Резонансная частота рекомендуемых зондов MSNL или SNL составляет от 20 до 60 килогерц. Выберите смещение пика 5% для отображения образца MICA. Сначала установите датчик на поверхность MICA, установите начальный размер сканирования 10 микрометров и частоту сканирования на один герц.
Получение полных изображений сканирования поля 10 микрометров. Затем уменьшите размер сканирования до пяти, одного и 0,5 микрометра и сделайте полные снимки каждого поля. Отсоедините щуп, щелкнув один раз по значку отключения в программном обеспечении прибора.
Чтобы получить изображение интересующих биомолекул, смешайте пять микролитров подготовленного образца с 45 микролитрами свежего абсорбционного буфера. Осторожно добавьте 50 микролитров раствора, содержащего биомолекулу 0,5 микрограмма на миллилитр, непосредственно на поверхность МИКУ. Сделайте паузу на пять минут, чтобы биомолекулы в образце прилипли к поверхности слюды.
Затем пипеткой внесите еще от 50 до 100 микролитров абсорбционного буфера в держатель зонда для жидких клеток. Стараясь не прикасаться наконечником пипетки к зонду, FM-головке или MICA, отрегулируйте фотодетектор и при необходимости отрегулируйте лазер по отношению к кантилеверу. Затем используйте программное обеспечение прибора для повторного включения датчика.
Увеличьте размер сканирования, чтобы определить области интереса. После завершения визуализации несколько раз нажмите значок извлечения в программном обеспечении прибора, чтобы отсоединить пробник.
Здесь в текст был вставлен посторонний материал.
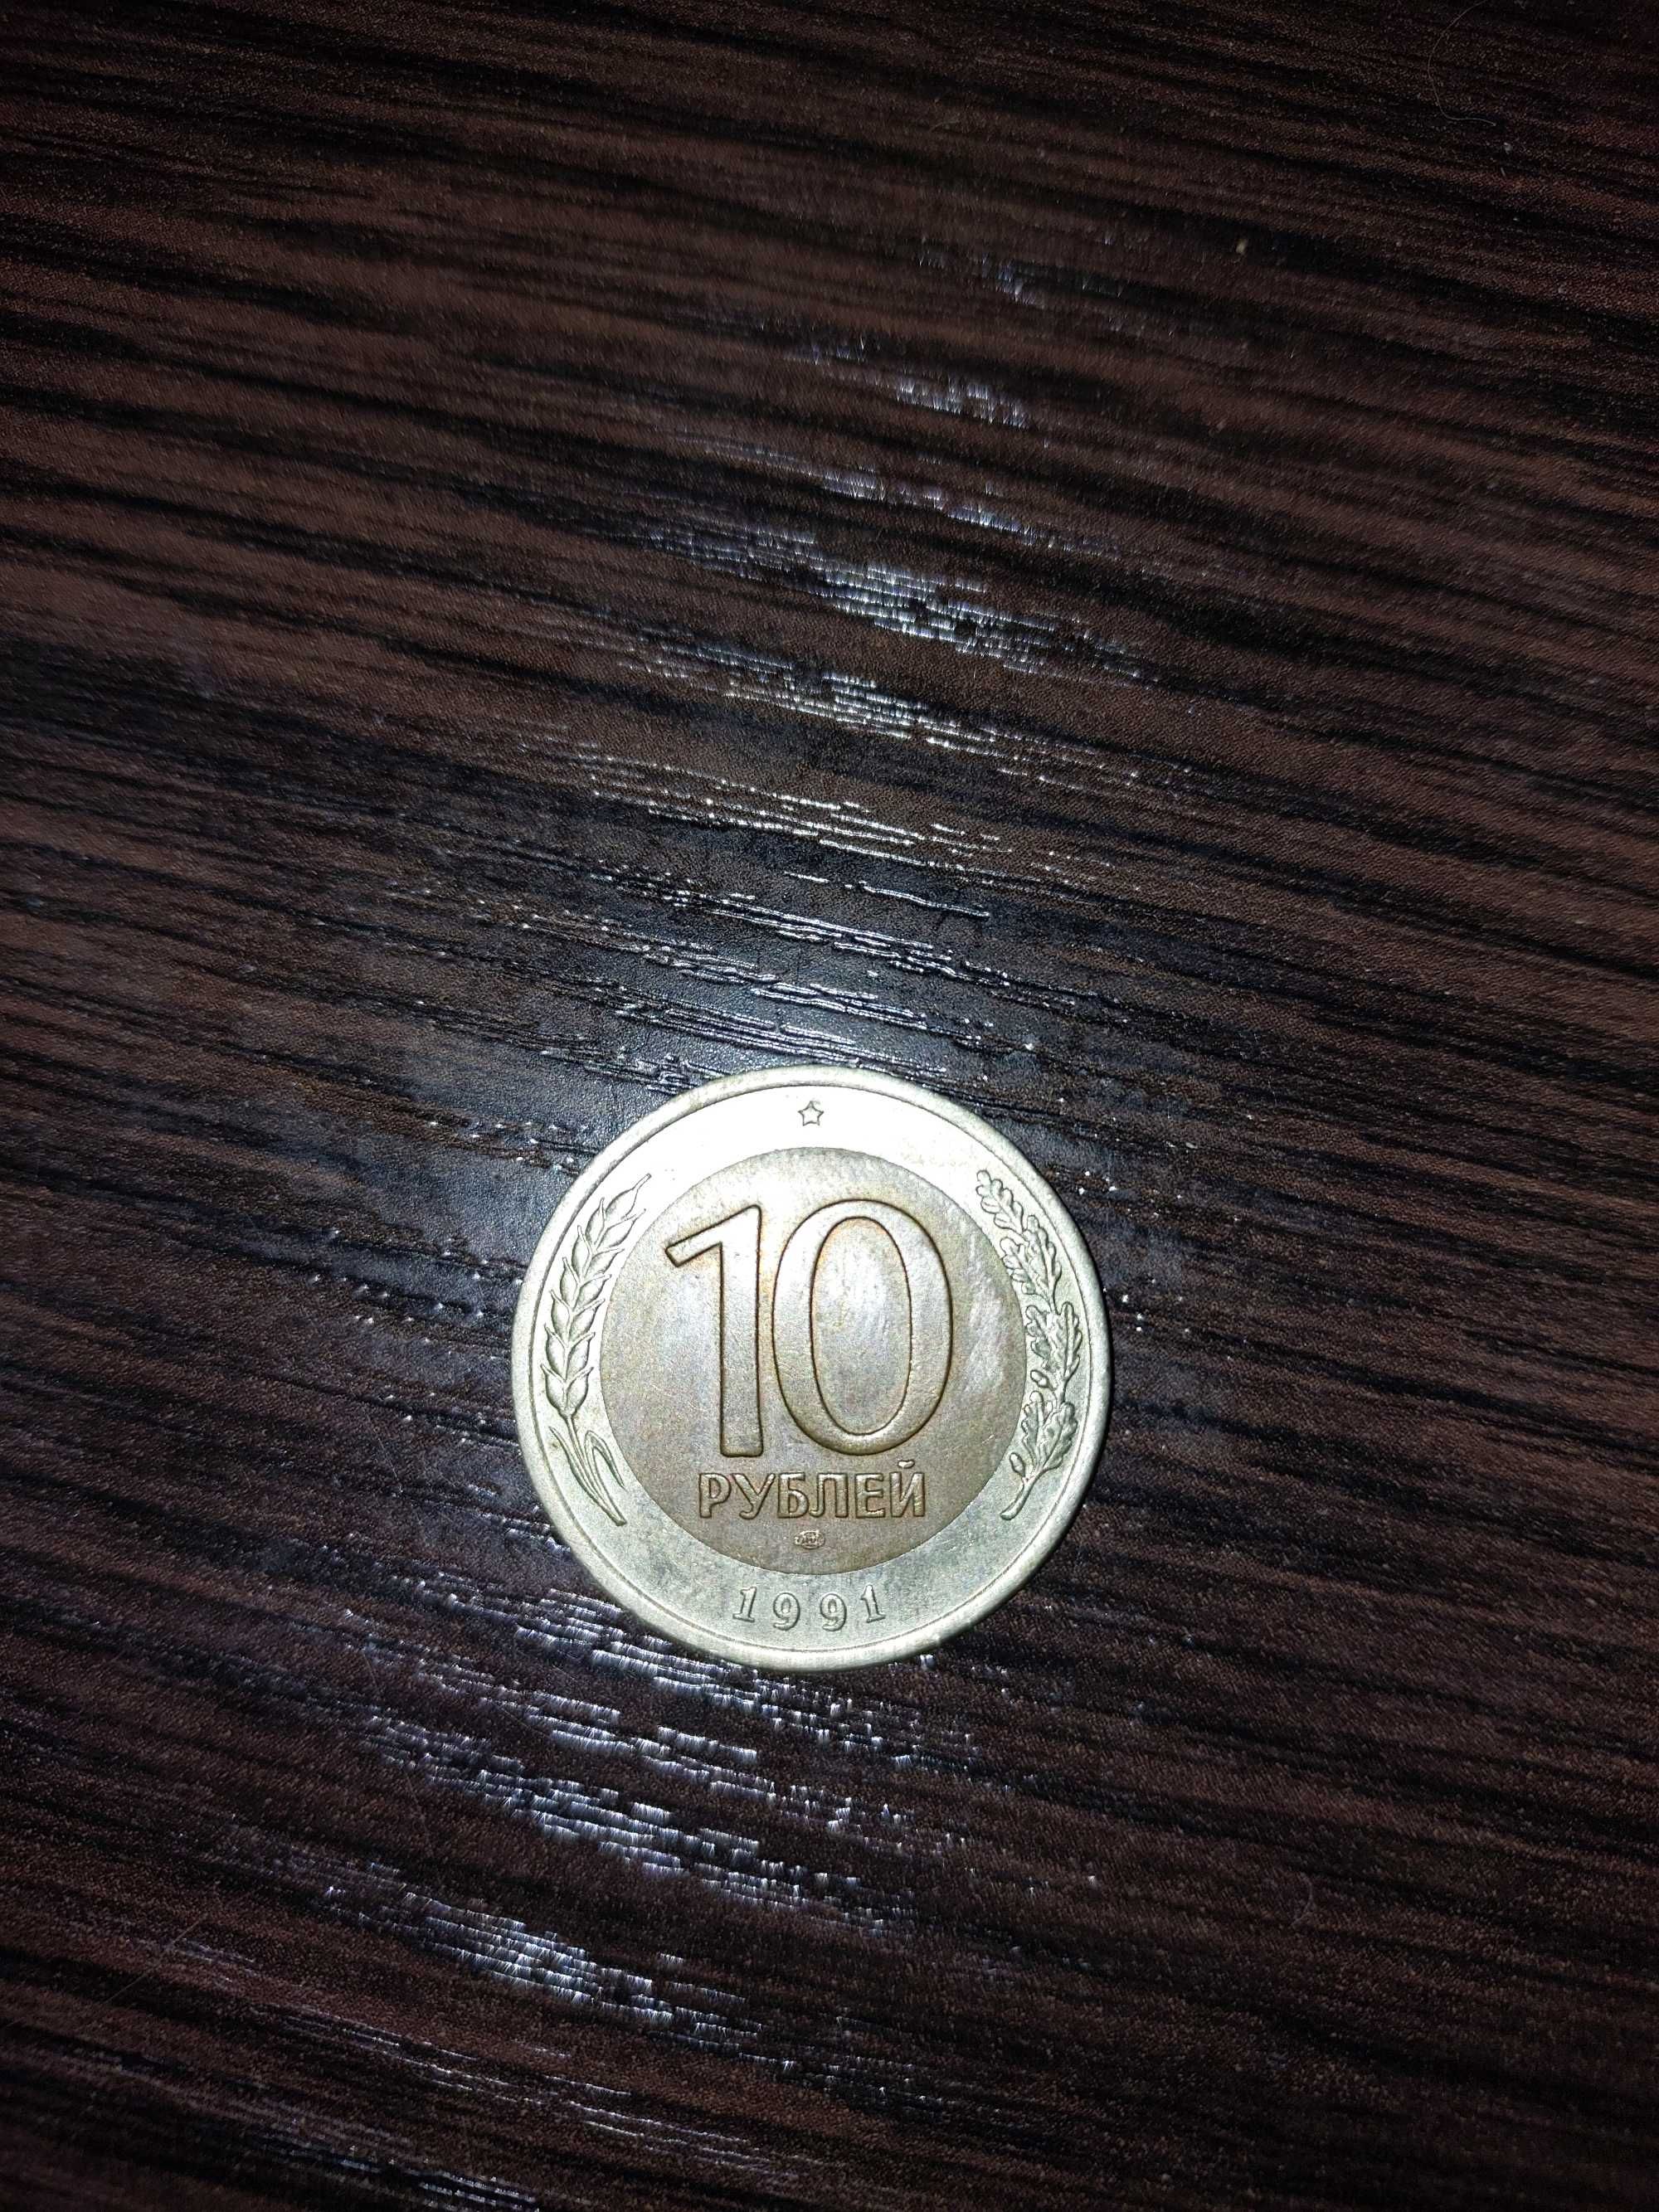 Продам монеты СССР разных годов

Наконец, с помощью дистиллированной воды тщательно промойте держатель зонда жидкой клетки и диск для образцов.
Затем попробуйте сделать это со сжатым воздухом. Пример изображения в формате A FM показан здесь. Слюдяной субстрат обеспечивает молекулярно плоскую поверхность, на которую могут абсорбироваться ДНК и белки.
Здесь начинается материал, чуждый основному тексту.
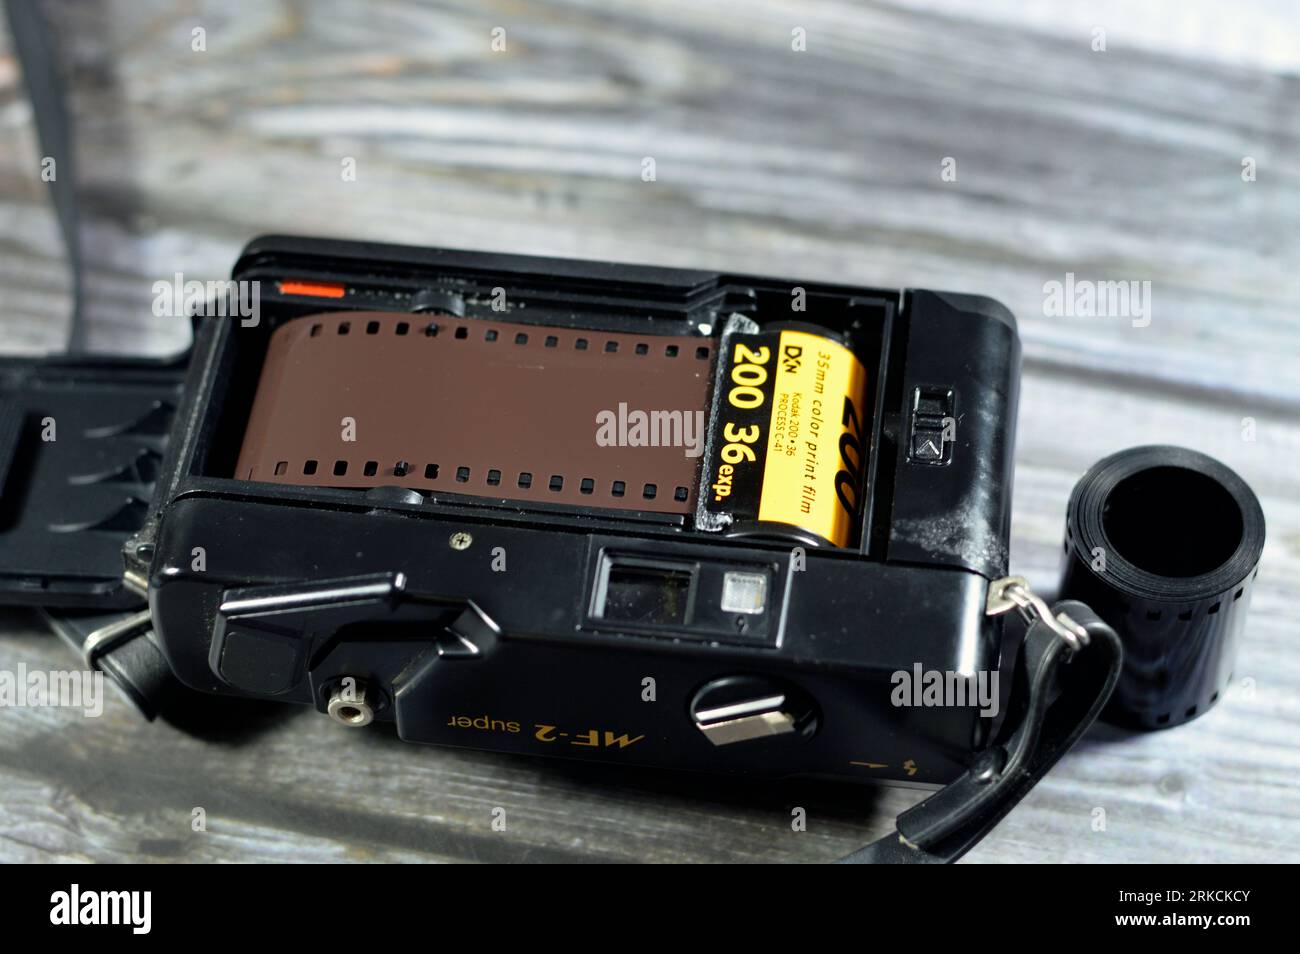 Giza, Ägypten, 12. August 2023: Yashica MF 2 Super wiederverwendbare Filmkamera für 35-mm-Film, integrierter Blitz, automatische DX-Anzeige, Warnung bei schwachem Licht, 38-mm-Objektiv - 3 ELE Stockfoto

Визуализация MICA перед взятием проб биомолекул обеспечивает отрицательный контроль и оценку шума визуализации. Это также обеспечивает уровень уверенности в том, что кантилевер правильно настроен и последующая визуализация образца будет успешной. Двухцепочечная плазменная ДНК, предположительно суперзакрученная, легко идентифицируется по ее асимметричному внешнему виду и равномерному осаждению на ранее ничем не примечательный субстрат из слюды.
Белковые комплексы дискретных размеров частиц также однозначно отличаются от субстрата Micah. Различия в размерах частиц указывают на неоднородность образца и могут быть полезны для аппроксимации белка, сложной стоической геометрии или биохимической активности. Общая диагональная форма и последовательная ориентация белковых частиц наблюдаются.
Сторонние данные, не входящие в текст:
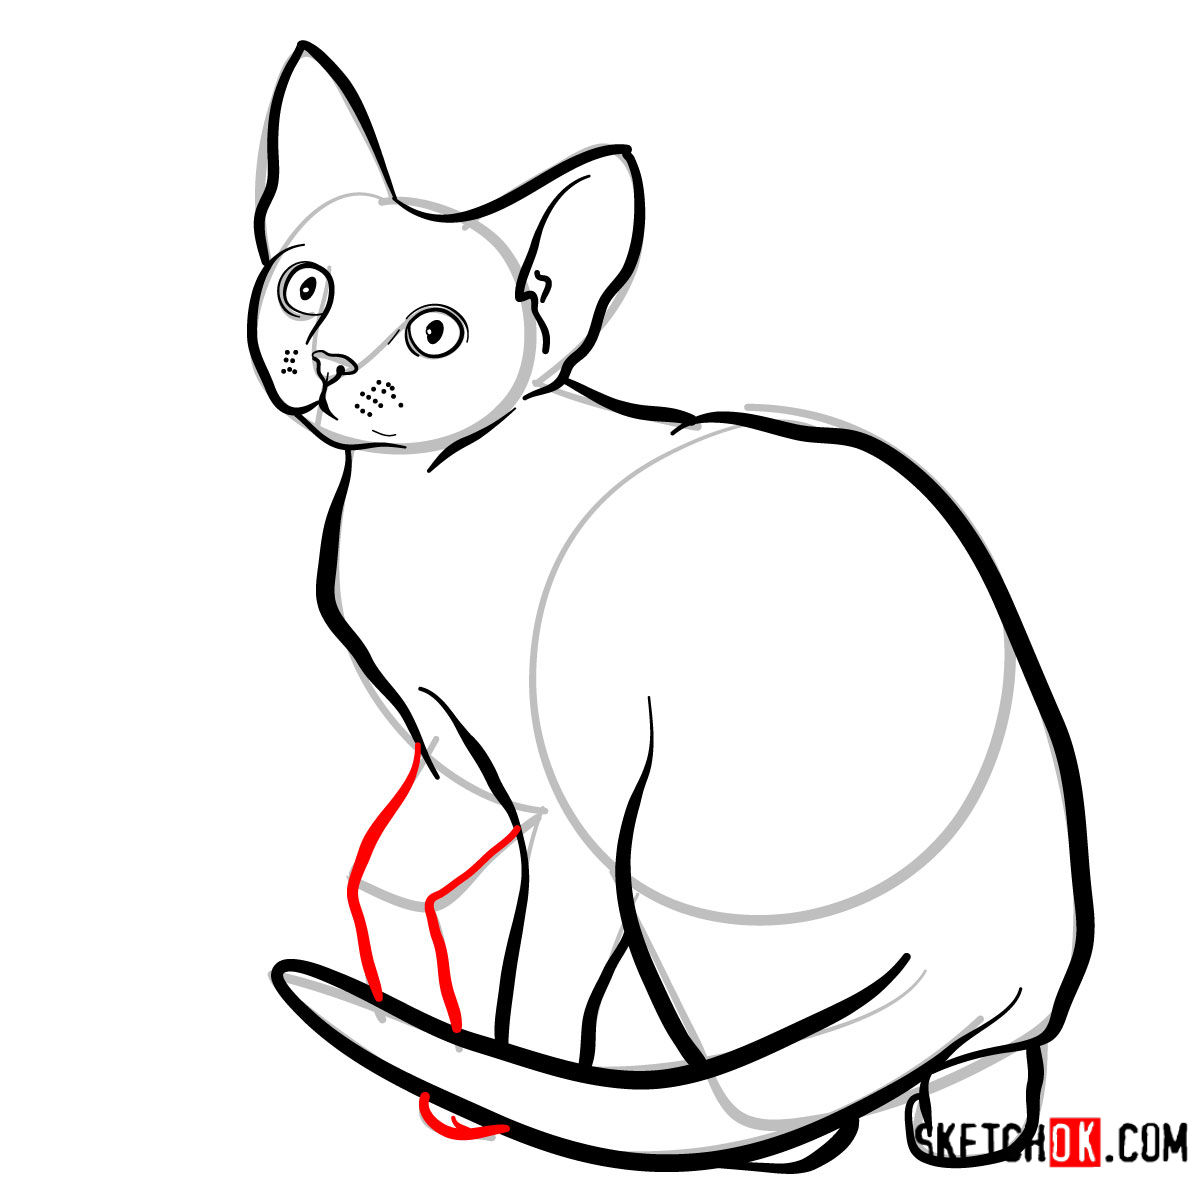 How to draw the Devon Rex cat - step 09

Вот артефакт визуализации, поскольку белки ожидаемо были бы ориентированы на субстрат Micah случайным образом. Возможные причины наблюдаемого артефакта или физической аномалии зонда или ЧМ-визуализации с двумя скоростями сканирования, в то время как свертка зонда препятствует расчету абсолютной длины при измерении высоты по осям X и Y или по оси Z и относительных измерениях X и Y, тем не менее, могут быть полезны для оценки биофизических свойств визуализируемых биомолекул. Выполняя эту процедуру, важно помнить о точной настройке кантилевера и юстировке фотодетектора.
Другие шаги, в том числе использование буферообменной жидкости, могут быть добавлены для того, чтобы ответить на дополнительные вопросы, такие как способность молекулярных шаперонов влиять на высвобождение стероидных рецепторов из их ответных элементов ДНК. После просмотра этого видео вы должны лучше понять, как визуализировать белки ДНК и биомолекулярные комплексы с помощью атомно-силовой микроскопии в буферных условиях.
В этой статье описан метод атомно-силовой микроскопии (АСМ) в режиме tapping для визуализации биомoléкул, таких как плазмидная ДНК и белки, в условиях, близких к физиологическим. Метод включает техники подготовки образцов, которые улучшают качество и точность визуализации.